As noted above, gifts from 509(a)(2) and 509(a)(3) organizations cannot assist an organization in meeting the 509(a)(2) one-third public support test by right of the statute’s exclusion of gifts or receipts from both Section 170(b)(1)(A)(vii) and (viii) organizations. The conclusion, then, is that insofar as gifts are concerned, the broad public support requirement cannot be avoided by an isolated gift to a 509(a)(2) candidate made by a 509(a)(9)(1), (2), or (3) organization; such a gift either does not count at all towards the one-third public support test or is subject to a substantial limitation.

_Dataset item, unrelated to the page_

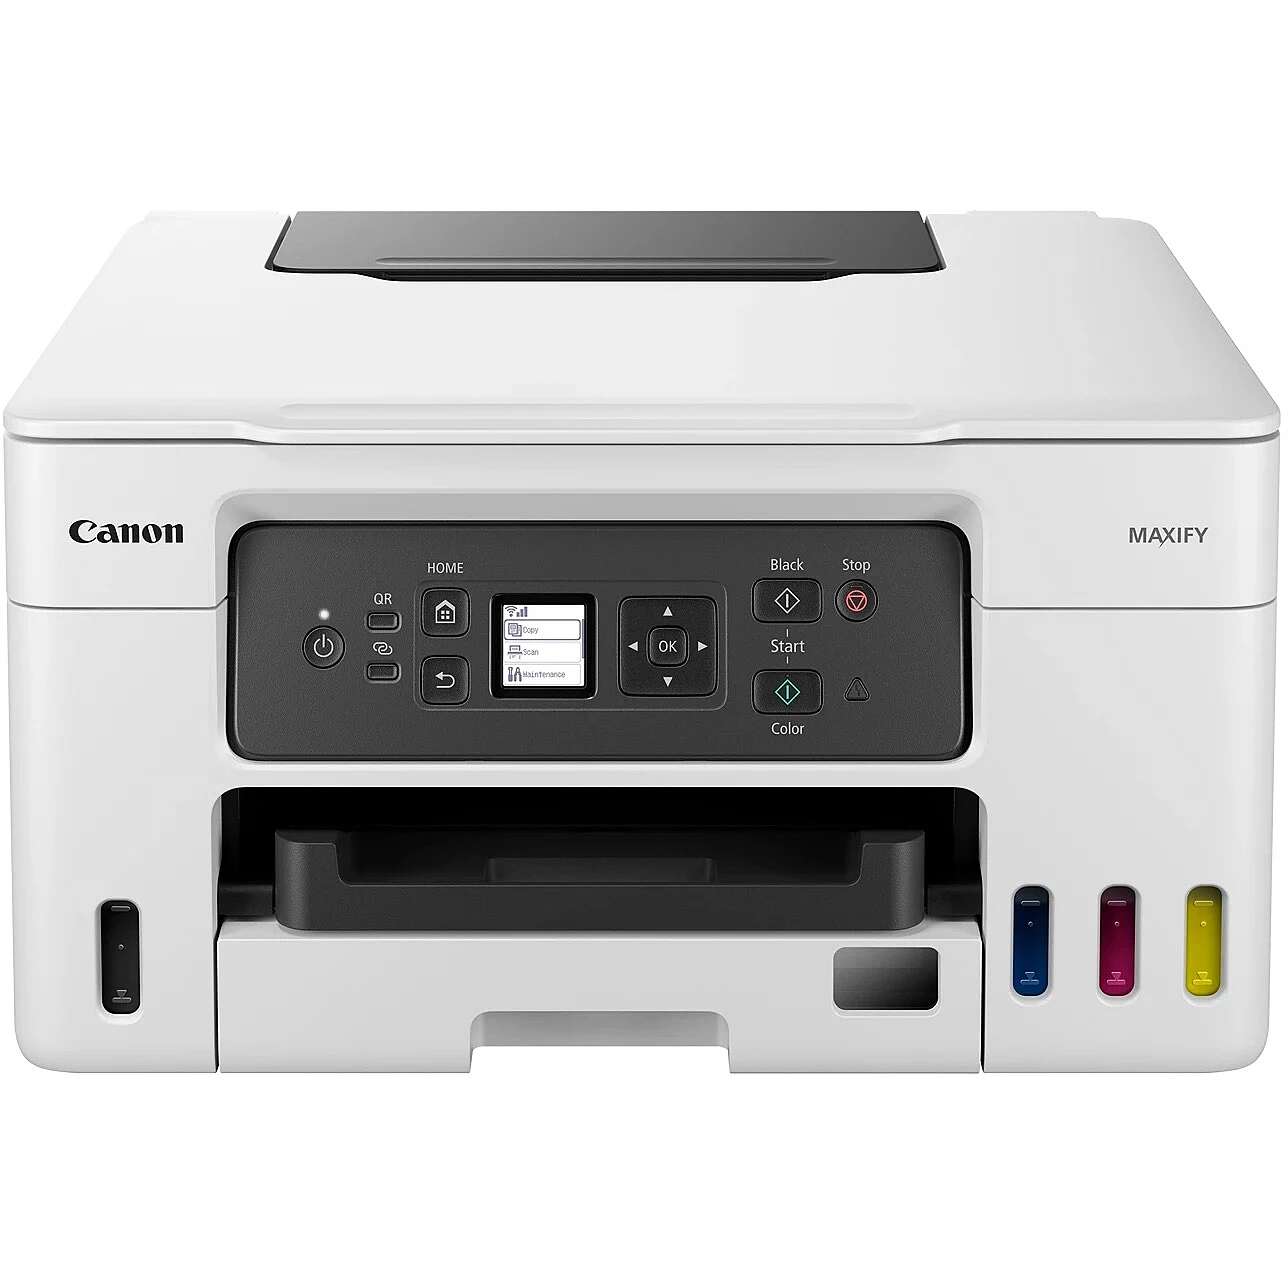 Canon maxify gx3050 multifunkciós színes tintasugaras nyomtató

Individuals and 509(a)(1) organizations are subject to the substantial contributor limitations in so far as assisting an organization in meeting the one-third public support test, but government contributors are not. Treas. Regs. Section 1.507-(6)(a)(1) specifically provides:

“Such term does not include a governmental unit described in section 170(c)(1).” As noted above, Section 170(c)(1) governmental unit is a “State, a possession of the United States, or any political subdivision of any of the foregoing, or the United States or the District of Columbia.”

It is also of some interest that 100% of receipts from a 509(a)(1) entity can be counted towards the one third support test. The standard for receipts is akin to the substantial contributor standard which applies to receipts, namely, payments for goods and services cannot, generally, count toward the one-third support test to the extent they exceed the greater of $5,000 or 1% of total support for the year. This rule does not apply to payments for goods and services made by a Section 509(a)(1) organizations. Private Letter Ruling 8015001 states:

The $5,000.00 or 1% limitation does not apply however, to income received from 509(a)(1) organizations as indicated in section 1.509(a)-3(2)(ii) of the Income Tax Regulations. This being the case, all of the income received in rent from OIC would be considered income from permitted sources. Thus, . . . more than 1/3 of its support came from permitted sources.

In the case of receipts, payments made by a governmental unit described in section 170(c)(1) are limited by the $5,000 or 1% standard.